Somewhat understandably because of the way Hank Paulson, umm handled, the first round of bailout funds, it now appears that many of the institutions that took funds from the Troubled Asset Relief Program (TARP) thought it was free money with no strings attached.
So when Wells Fargo announced this week that it would be repaying TARP funds before the end of the year, Wall Street cheered and their share price jumped. The second wave of news revealed that the real reason for the seemingly miraculous turnaround was the $500,000 limit in cash compensation for executives of organizations that participate in TARP. Basically these bankers don’t want to participate in capitalism if they can’t get a King’s ransom for it. I talk a lot about value and linkages, and clearly banking executives value getting paid a lot, and I wouldn’t be surprised if there’s a correlation, if not a cause, between a certain minimum pay and bank performance. I can live with that.

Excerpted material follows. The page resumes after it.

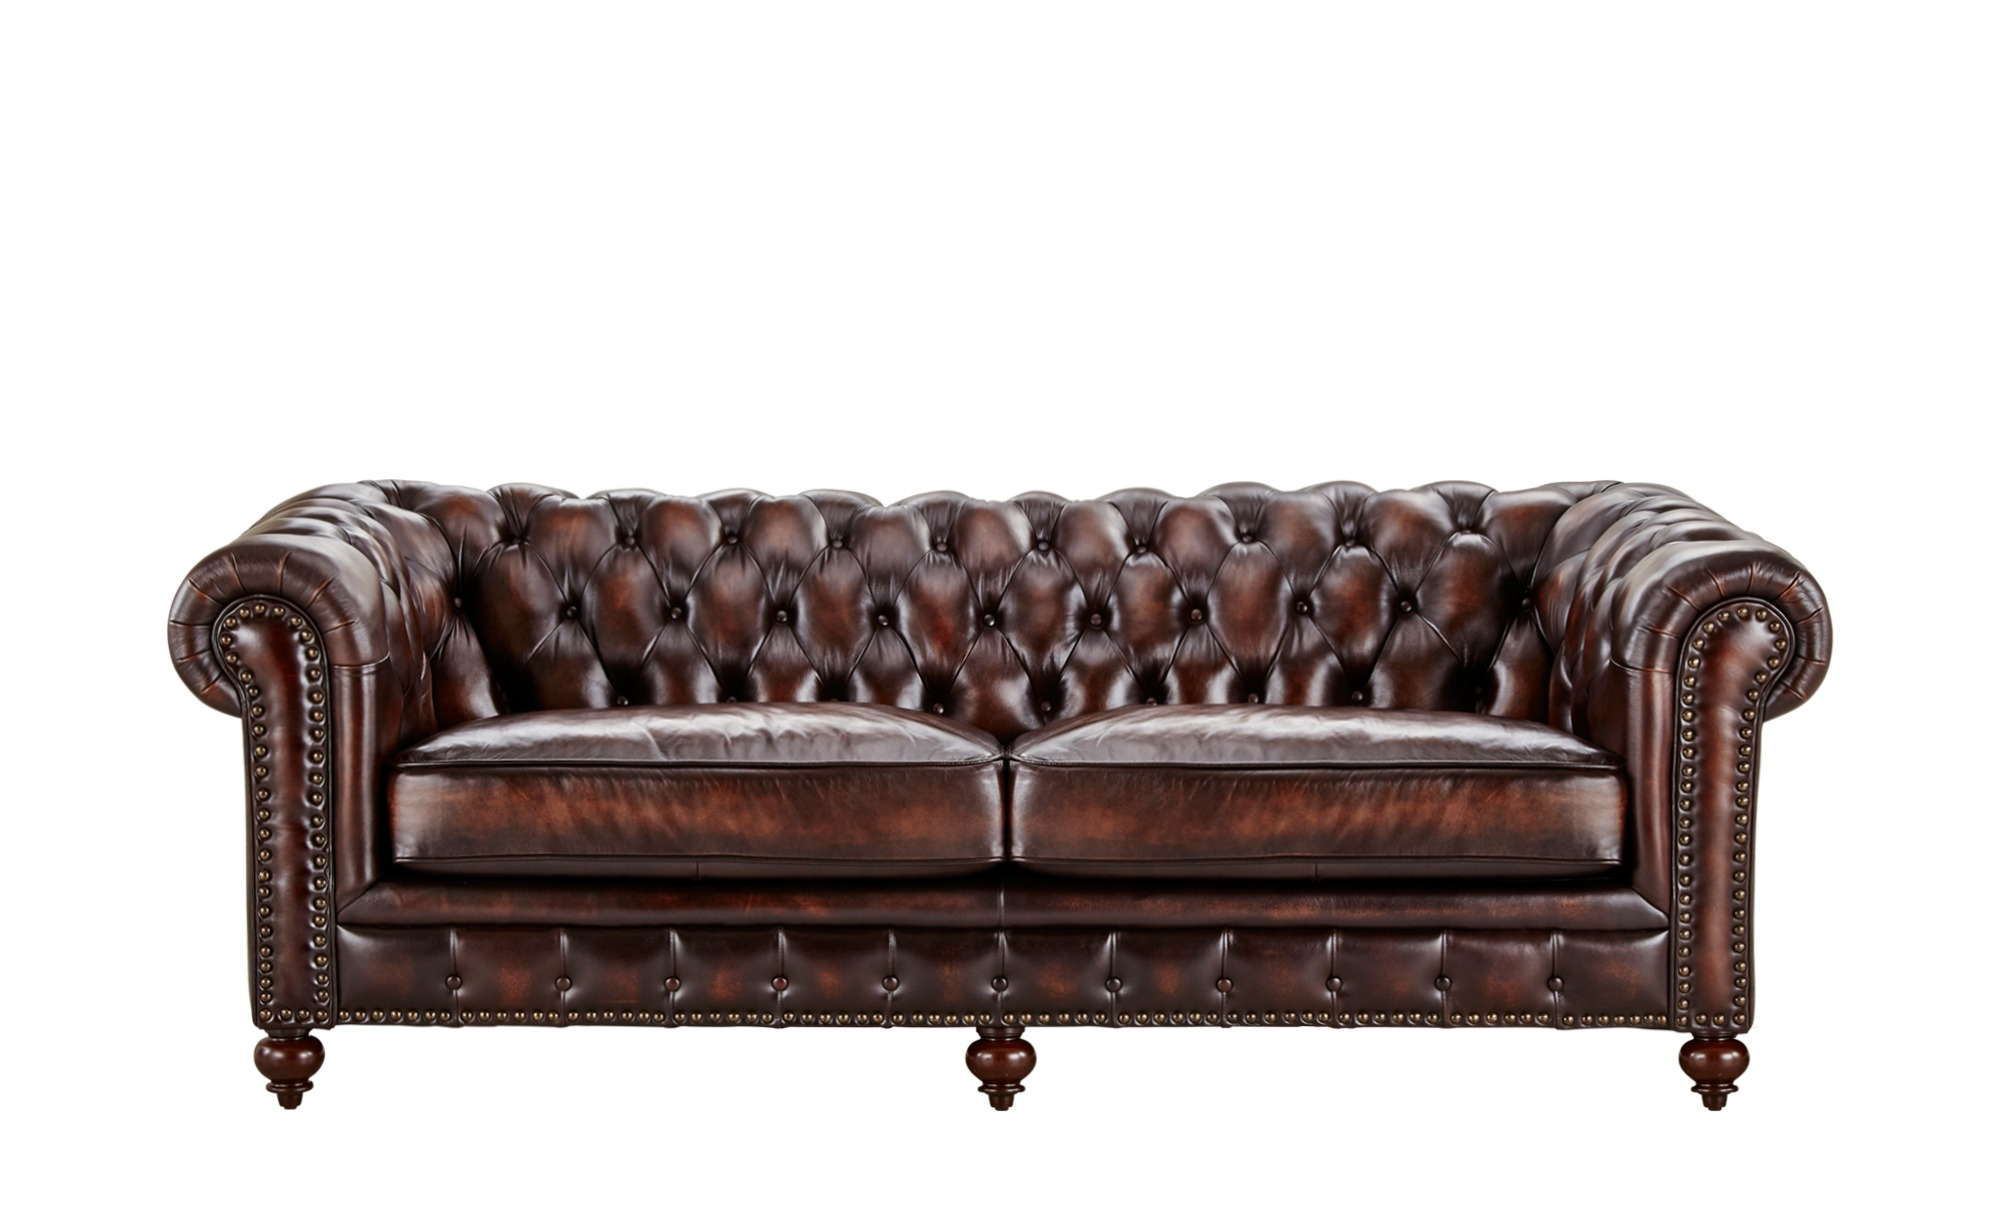 Uno Sofa 3 Sitzig Leder Chesterfield Braun 230 Cm 80 Cm 100 Cm Polstermobel Sofas 3 Sitzer Mobel Kraft Wohnwelten Shop De Sofa Leder Braun Echt Leder Sofa Sofa Leder

The part that got my dander up, and it is up, was hearing that the banks that took TARP funds are now pushing back on paying the significant premiums they agreed to pay when they took the money. They are refusing to make a payment they agreed to when they took the money. . .Do you think people buy cars from schlunky used car dealers with outrageous interest rates because they like it? NO! They do it because no one else will loan them the money because they have crummy credit ratings and the schlunky car dealer is their last resort (in some cases I think it is actually because they are bad at math, but I will come back to that). And do those people on Main Street driving those used cars get to refuse to make payments they agreed to? I don’t think so. Who are these people running these banks behaving like this and why don’t we get rid of them like we did with Rick Wagoner at GM?
But it gets worse.
Now the banks are being pressured to sell off their worst mortgages, their toxic assets, what industry analysts have said is more than $1 trillion in the US, and the banks are saying “no” to that as well. The issue is that the banks value these assets much higher than the investors are willing to pay. The New York Times reported this morning that Frank Pallotta, a former Morgan Stanley mortgage trader said that because the gap is so wide “if every bank was forced to sell at the market clearing price, you would have only five banks left in the market.” I am sorry if the timing isn’t convenient for these banks to sell their toxic assets, but as I understand it, many of them would have died without TARP anyway, so they lost their right to decide whether it is, or is not, good timing.
As I understand it, to be a great banker, you need to be good at math, and understand risk. Clearly, the bankers that got us into this mess failed at that simple formula (I get that it’s slightly more complex than that). I am not an expert in banking, but my question to Frank Pallotta is, “why can’t we have just five banks?” let’s rethink that and see if, in the long run, that is a good solution.
This is all about getting the outcome we want, and as usual, I don’t care “how” we get there. We already saw what a disaster relief funds without strings were, if Treasury gets lax and fails to enforce what was agreed to up front, I don’t know why we would expect a different outcome.